VehicleSDF: A 3D generative model for constrained engineering design via surrogate modeling
- URL: http://arxiv.org/abs/2410.18986v1
- Date: Wed, 09 Oct 2024 16:59:24 GMT
- Title: VehicleSDF: A 3D generative model for constrained engineering design via surrogate modeling
- Authors: Hayata Morita, Kohei Shintani, Chenyang Yuan, Frank Permenter,
- Abstract summary: This work explores the use of 3D generative models to explore the design space in the context of vehicle development.
We generate diverse 3D models of cars that meet a given set of geometric specifications.
We also obtain quick estimates of performance parameters such as aerodynamic drag.

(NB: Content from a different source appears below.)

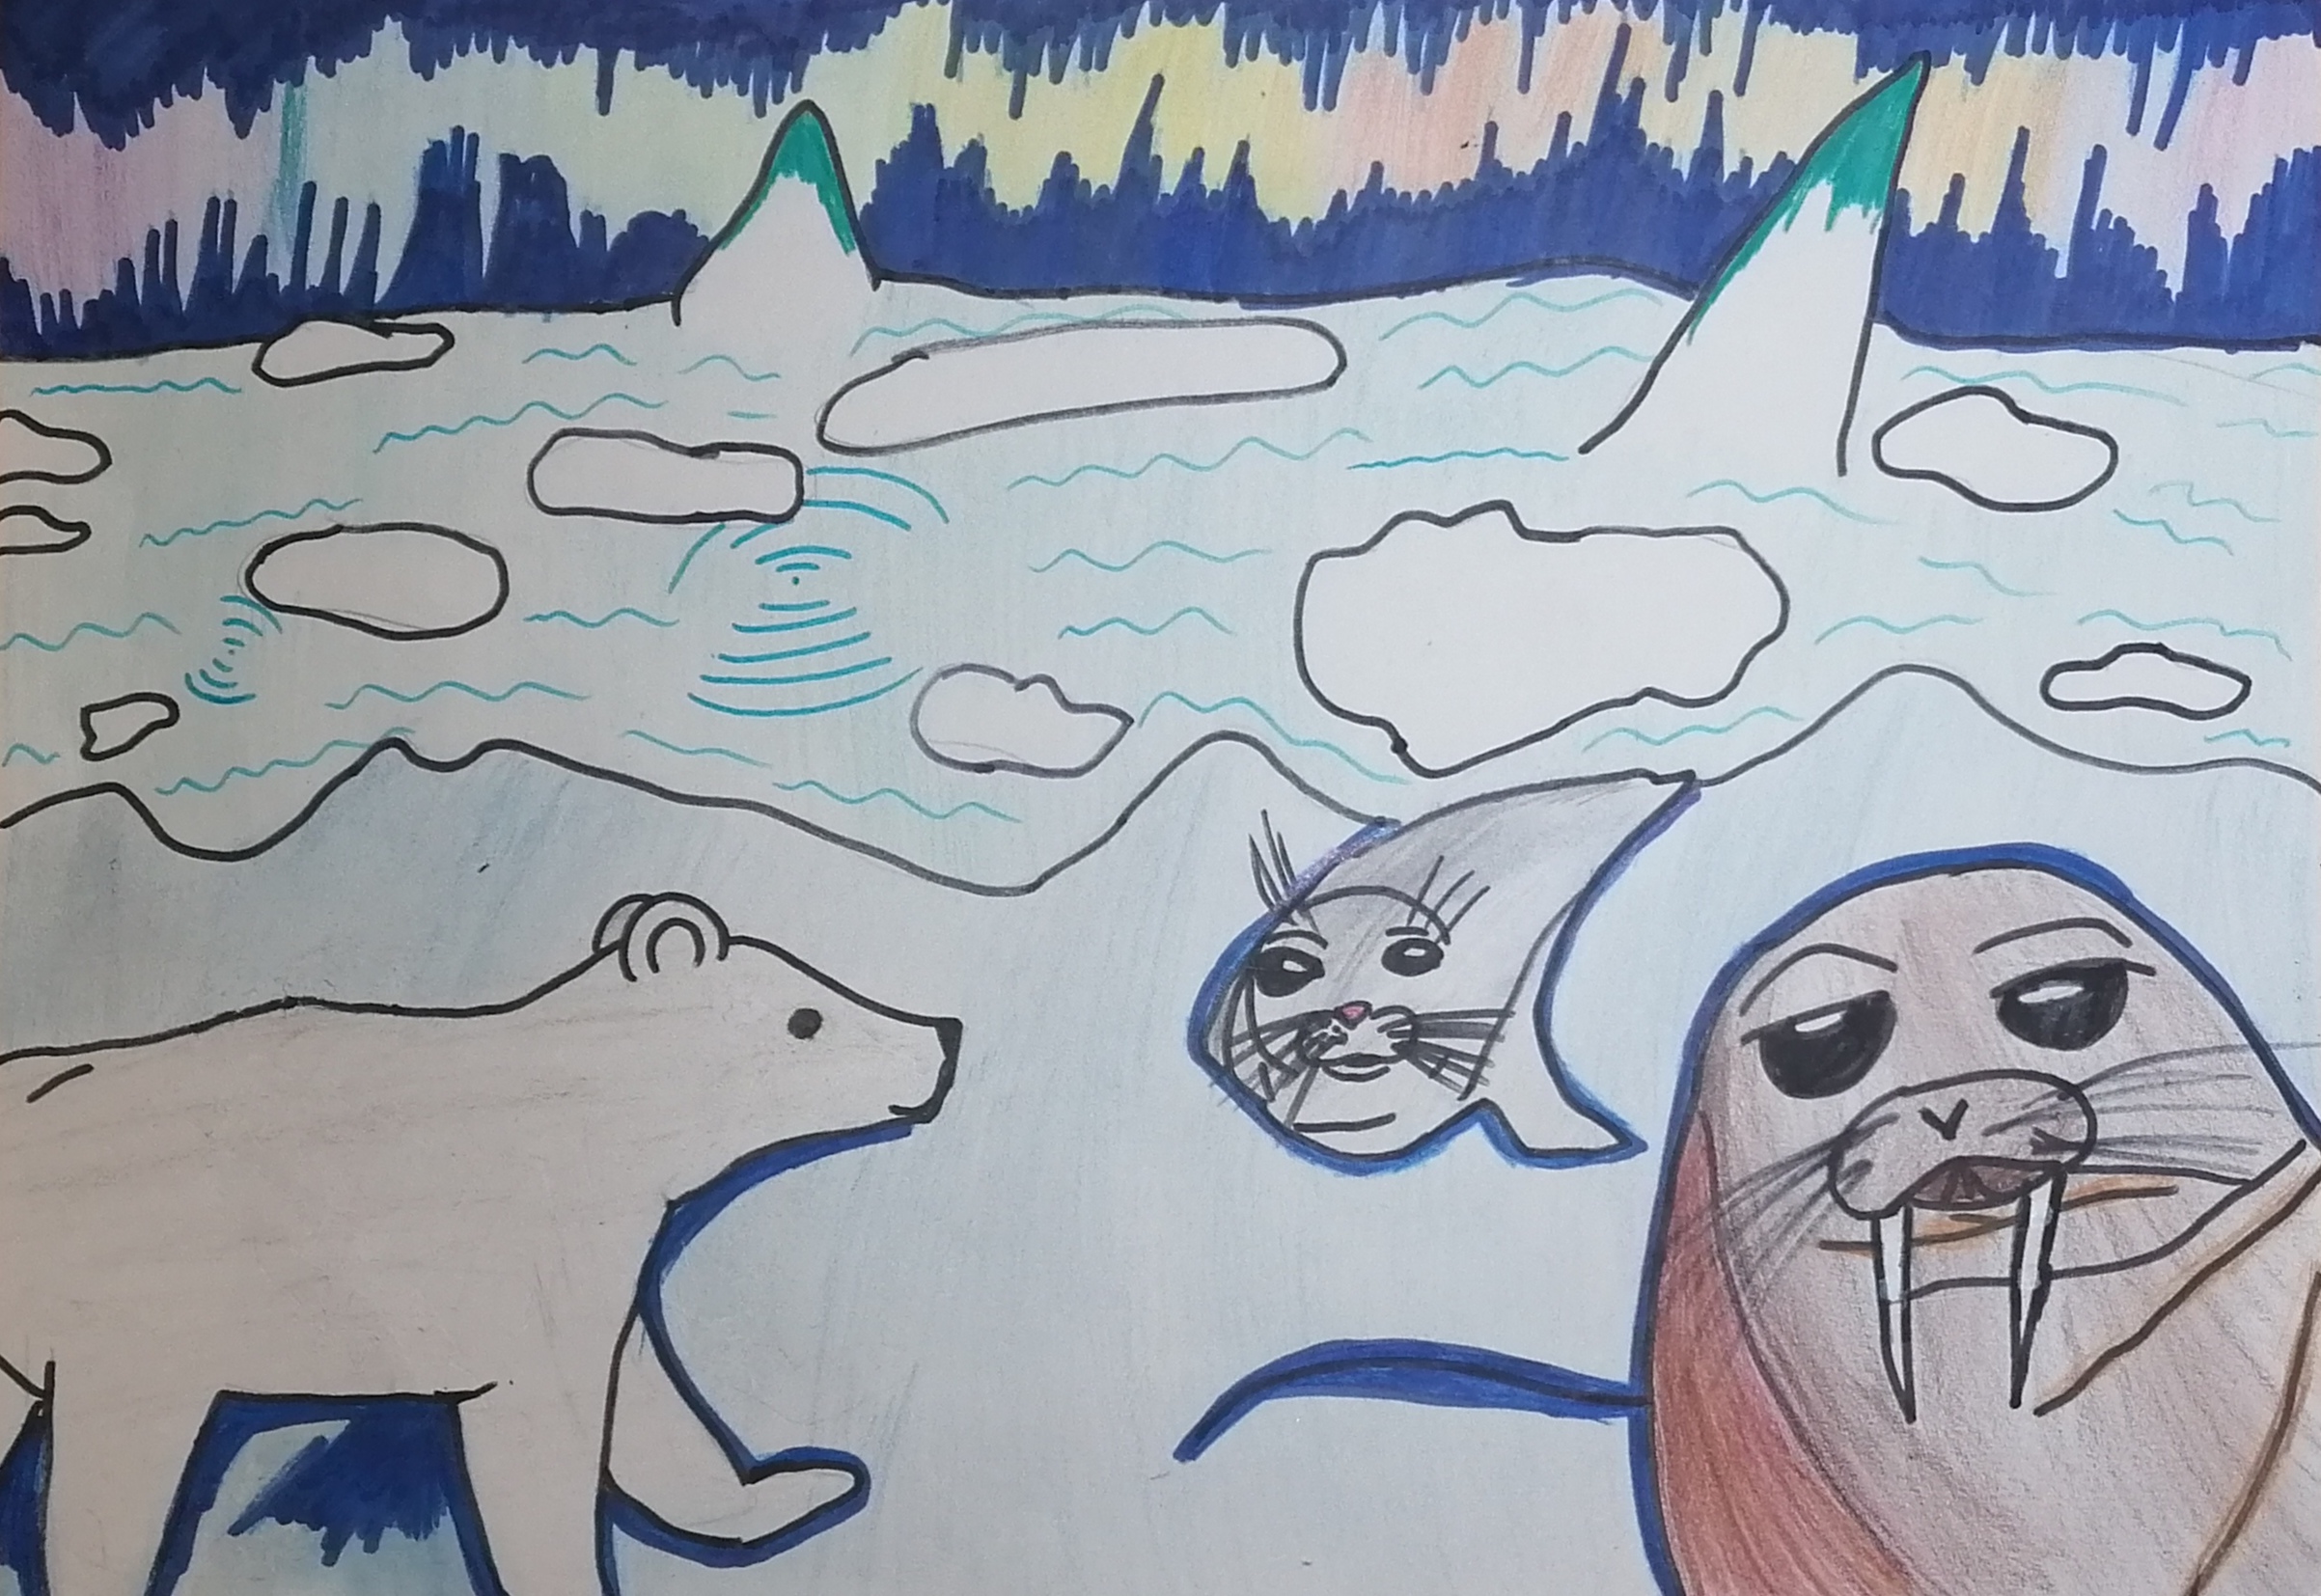 Рисуем Арктику с детьми

- Score: 3.746111274696241
- License:
- Abstract: A main challenge in mechanical design is to efficiently explore the design space while satisfying engineering constraints. This work explores the use of 3D generative models to explore the design space in the context of vehicle development, while estimating and enforcing engineering constraints. Specifically, we generate diverse 3D models of cars that meet a given set of geometric specifications, while also obtaining quick estimates of performance parameters such as aerodynamic drag. For this, we employ a data-driven approach (using the ShapeNet dataset) to train VehicleSDF, a DeepSDF based model that represents potential designs in a latent space witch can be decoded into a 3D model. We then train surrogate models to estimate engineering parameters from this latent space representation, enabling us to efficiently optimize latent vectors to match specifications. Our experiments show that we can generate diverse 3D models while matching the specified geometric parameters. Finally, we demonstrate that other performance parameters such as aerodynamic drag can be estimated in a differentiable pipeline.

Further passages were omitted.